А сам при этом ещё исподтишка показывает жестом, типа давай-давай.
Ну я и дал. В смысле спел…
Поручик Голицин, зачем вы вернулись?
Кому вы, поручик, здесь на фиг нужны?
– Слышь, капитан, а действительно? Вы же все – интеллигенты и аристократы – в двадцатых годах, как тараканы, разбежались из страны? Чего ж теперь сюда снова лезете? Надоело шоферить в такси и промышлять ремеслом жиголо? Тот, кто хотел работать и служить России, – либо не уезжал, либо давно вернулся. А что ты, вот конкретно ты, можешь сделать для нашей страны и её народа? По уровню образования сейчас любой выпускник десятого класса тебе десять очков вперёд даст, потому что вместо древнегреческого, латыни и Закона Божьего учил физику и химию. В современной агрономии и промышленных технологиях ты полный ноль. Так что если ща сразу не пришибут, то тебе прямой путь за Урал: лес валить или золото добывать.
– Да как ты смеешь!..
– Блин, ты в зеркало на себя посмотри, столбовой дворянин, боярин дубовый![33] Принесло освободителя на германских штыках! Убивать и жечь. Ну как тебе, фашистский прихвостень, сладок и приятен дым Отечества? Мальчики кровавые в глазах не стоят?
– Замолчи, жидёнок!
Лжекапитан рванулся со своей табуретки. Этого, собственно говоря, и добивался.

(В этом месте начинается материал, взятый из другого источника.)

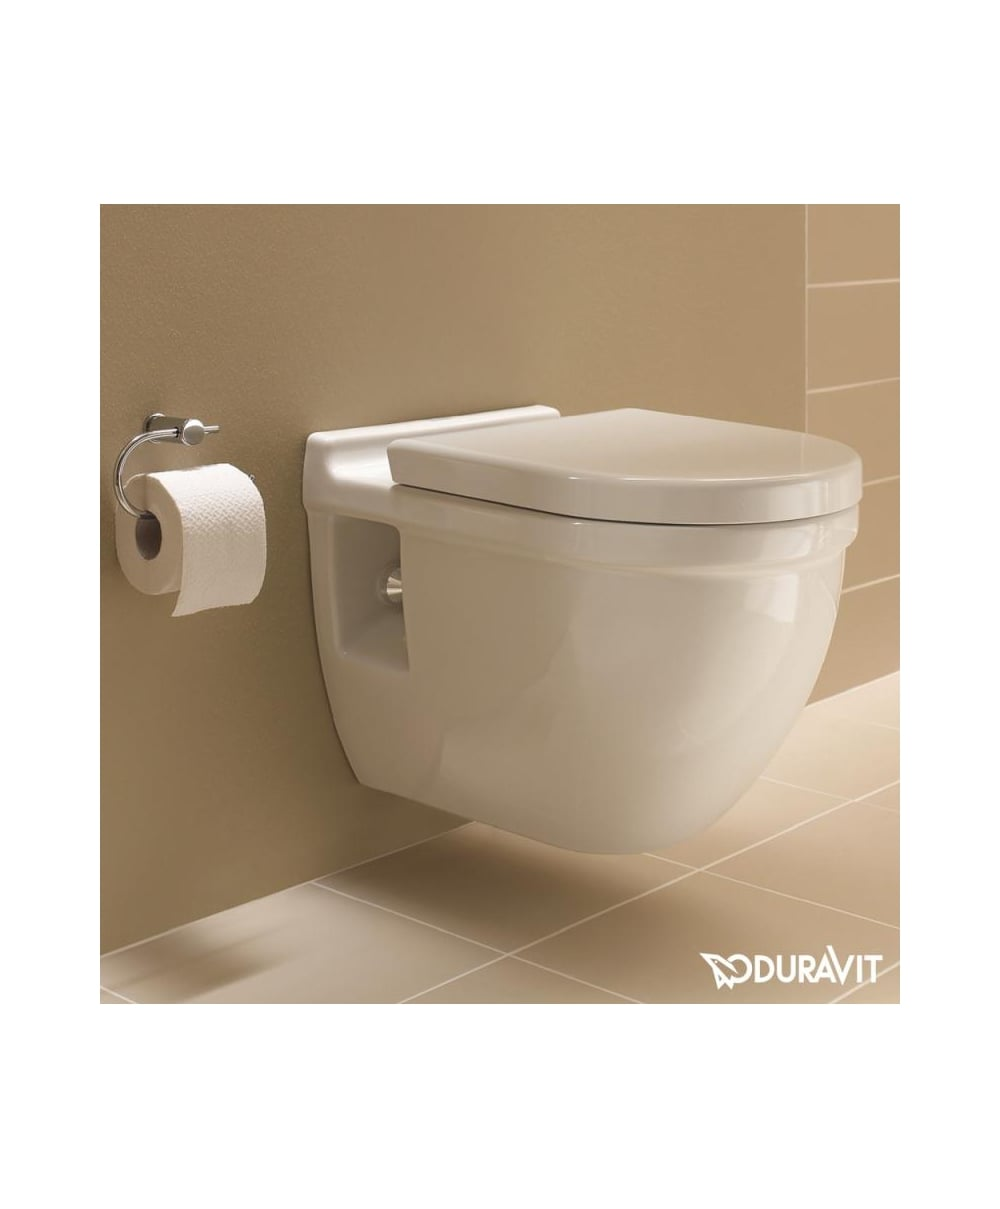 Starck 3 Toilet Seat

Ну очень захотелось попробовать наработанную «тройку» и добивание. Примерно с того момента, когда потерял интерес к задержанному. Остались только возмущение и брезгливость.

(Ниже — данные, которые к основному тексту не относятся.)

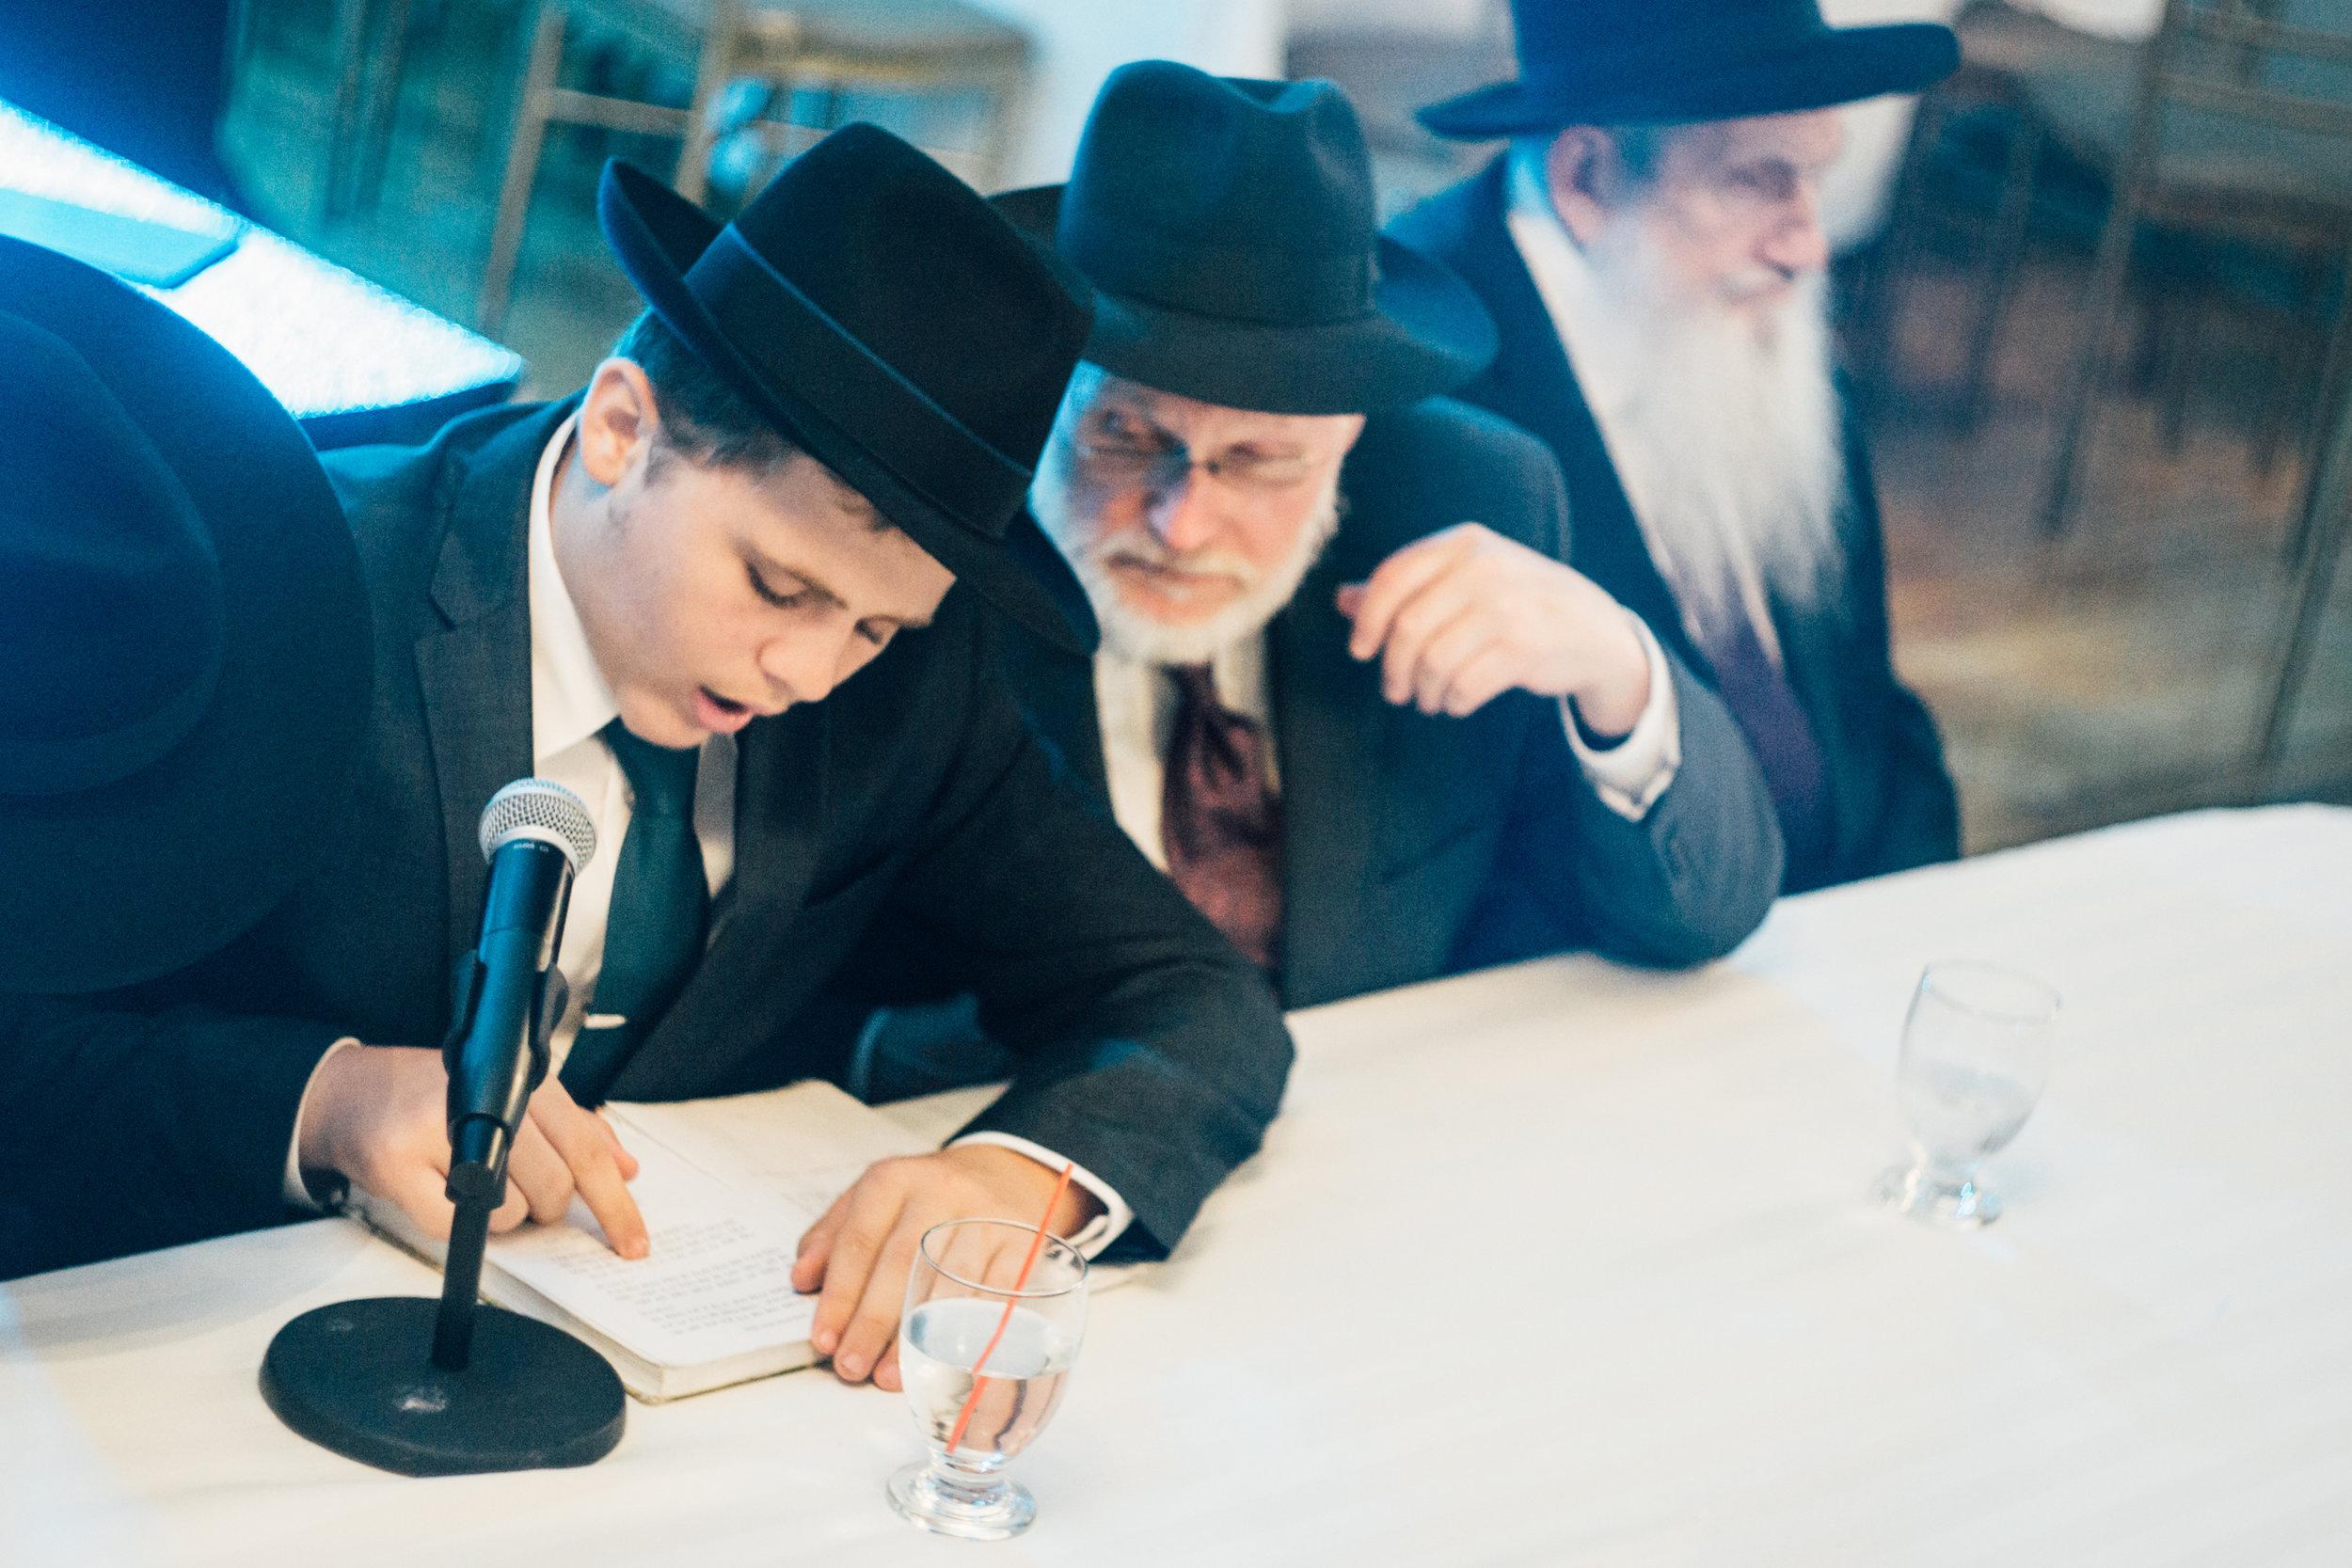 Bar Mitzvah Meir Sandman - photography, new york, events, people -0344.jpg

Парировать его рывок не удалось даже особисту, стоящему неподалёку. После своего решительного скачка капитан просипел: «У-у-н-н-м-м-м…» – и, схватившись за забинтованное плечо, начал валиться на руки Змею, резко разорвавшему дистанцию и оказавшемуся рядом.
Задержанного он усадил на пол, привалив спиной к стенке.

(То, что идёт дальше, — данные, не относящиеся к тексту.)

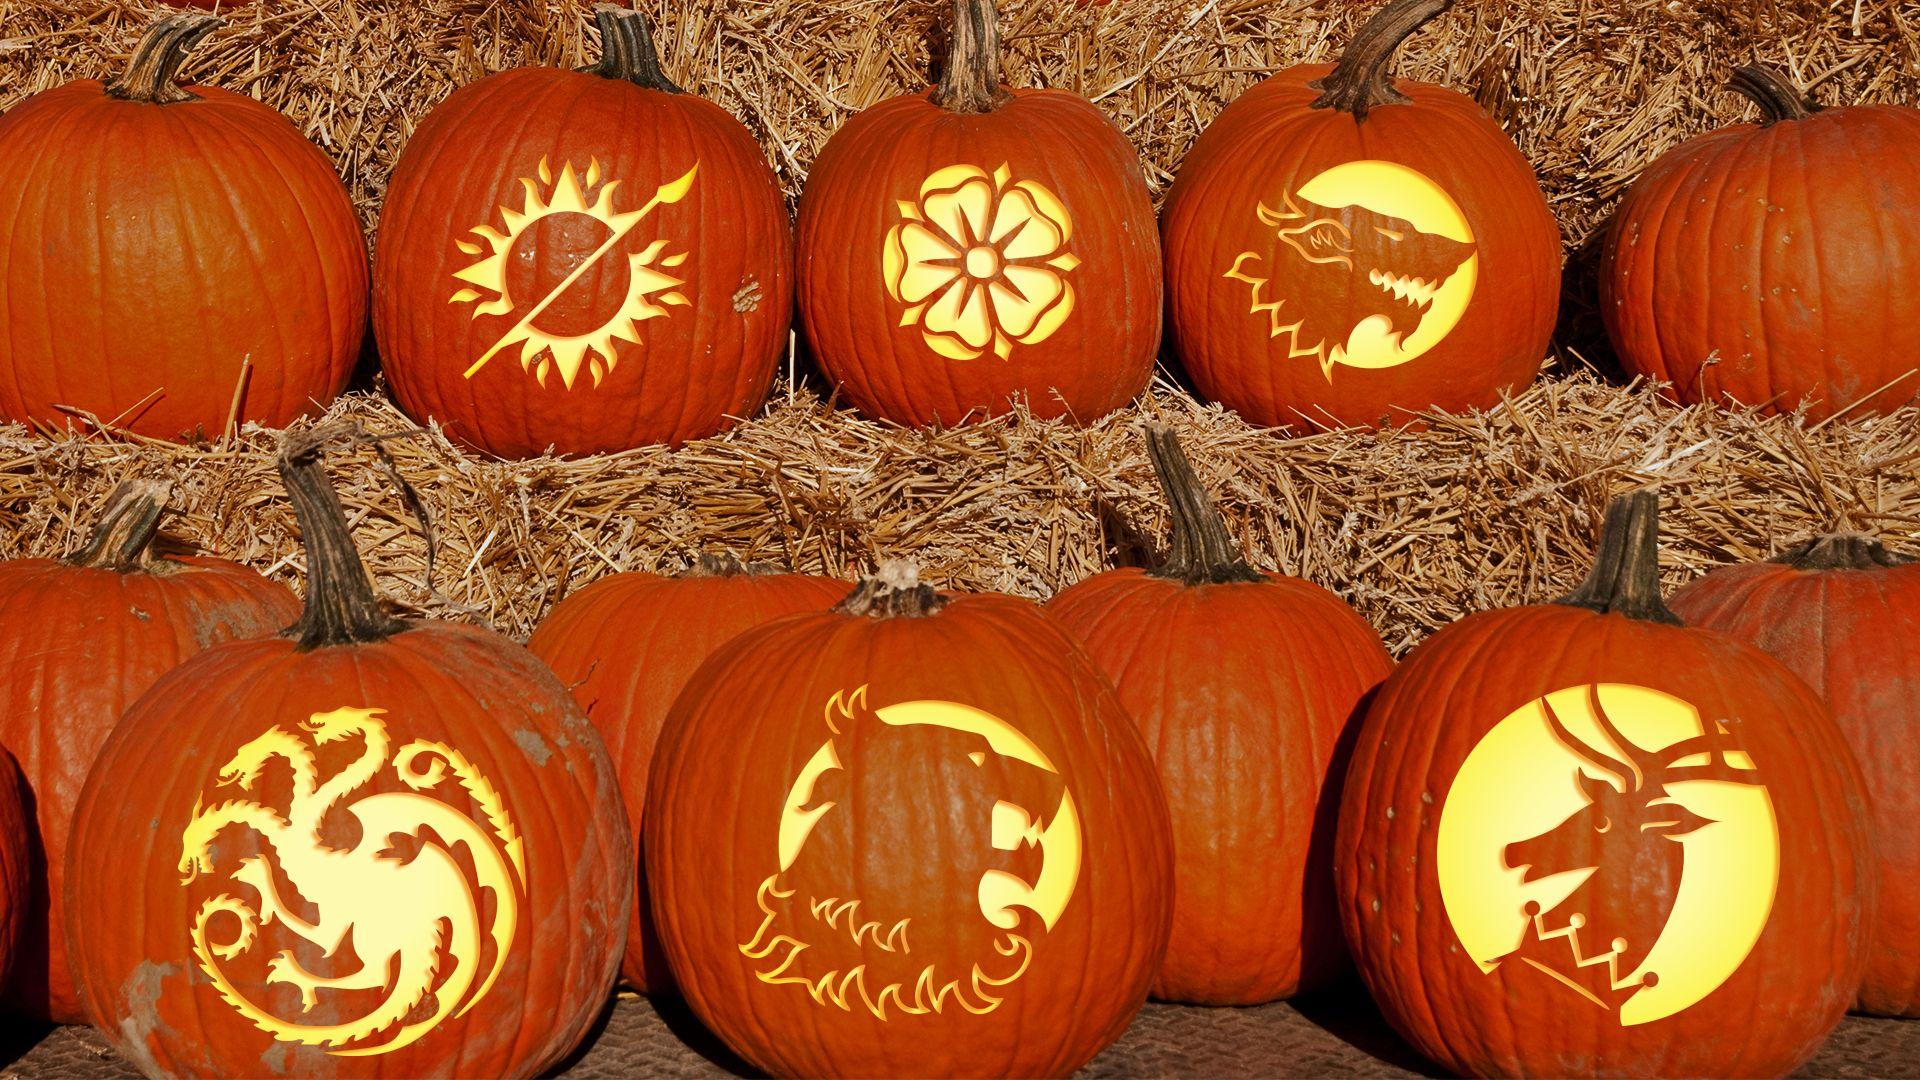 32+ Game of thrones pumpkin ideas ideas

– Михайлин, – позвал особист. – Позови Бородулина, – велел он появившемуся в дверях бойцу. Тот мгновенно исчез.
– Замечу вам, любезнейший, – обратился Змей к сидящему на полу лжекапитану, который потихоньку начал приходить в себя, – что излишняя импульсивность не делает чести ни вам, ни вашим наставникам из абвера. Алексей Иванович, вы уже всех убедили, что билет по истории Революции и Гражданской войны вами выучен на оценку «отлично». Займитесь теперь протоколом.
А затем он обратился к задержанному:
– Милостивый государь, время отнюдь не резиновое. Всю интересующую нас информацию уже предоставили ваши коллеги по разведывательно-диверсионной группе. Поэтому ваша задача номер раз: изложить полные сведения о своей личности. По большому счёту нам данное обстоятельство совершенно безразлично. Просто в этом случае ваш смердящий труп отволокут в ближайшее уцелевшее село, которое вы и ваши хозяева не успели разорить. И если чудом выживший батюшка возьмёт на себя труд зарыть бренные останки, то на кресте будут написаны ваши имя и даты бессмысленной и бесполезной жизни. В противном случае тебя, падаль, сбросят в отхожую яму и все забудут о предателе Вальдемаре.
– Вы не посмеете! Я военнопленный! – прохрипел «капитан». – Кроме того, я ранен. Вы, еврейские варвары, что-нибудь слышали о Гаагской конвенции?
– Не извольте беспокоиться, медицинская помощь вам оказана на максимально возможном – в местных условиях – уровне. Декларации и конвенции, не соблюдаемые даже сторонами, их разрабатывавшими, нас мало волнуют.
Теперь обрисую вашу вторую задачу. Для того чтобы вас не использовали в качестве учебного пособия по рукопашному бою, до полного исчерпания пределов жизнеспособности вашего организма, я готов выслушать что-нибудь новое и интересное об абверкоманде 203, о действиях в тылу Красной армии, сведения о порядке связи с вашими координаторами и о взаимодействии с аналогичными группами. Так сказать, в виде жеста доброго расположения. Если сумеете сейчас сообщить что-нибудь значимое и упущенное вашими коллегами, то в дальнейшем вам будет сохранена жизнь. Хотя бы для того, чтобы затем поведать заинтересованным службам о связи белой эмиграции с фашистами и нацистами. Может быть, следователи прокуратуры сочтут, что ваше присутствие на суде в качестве свидетеля обвинения будет нелишним. Это третья задача. На размышления вам предоставляется одна минута. Время пошло.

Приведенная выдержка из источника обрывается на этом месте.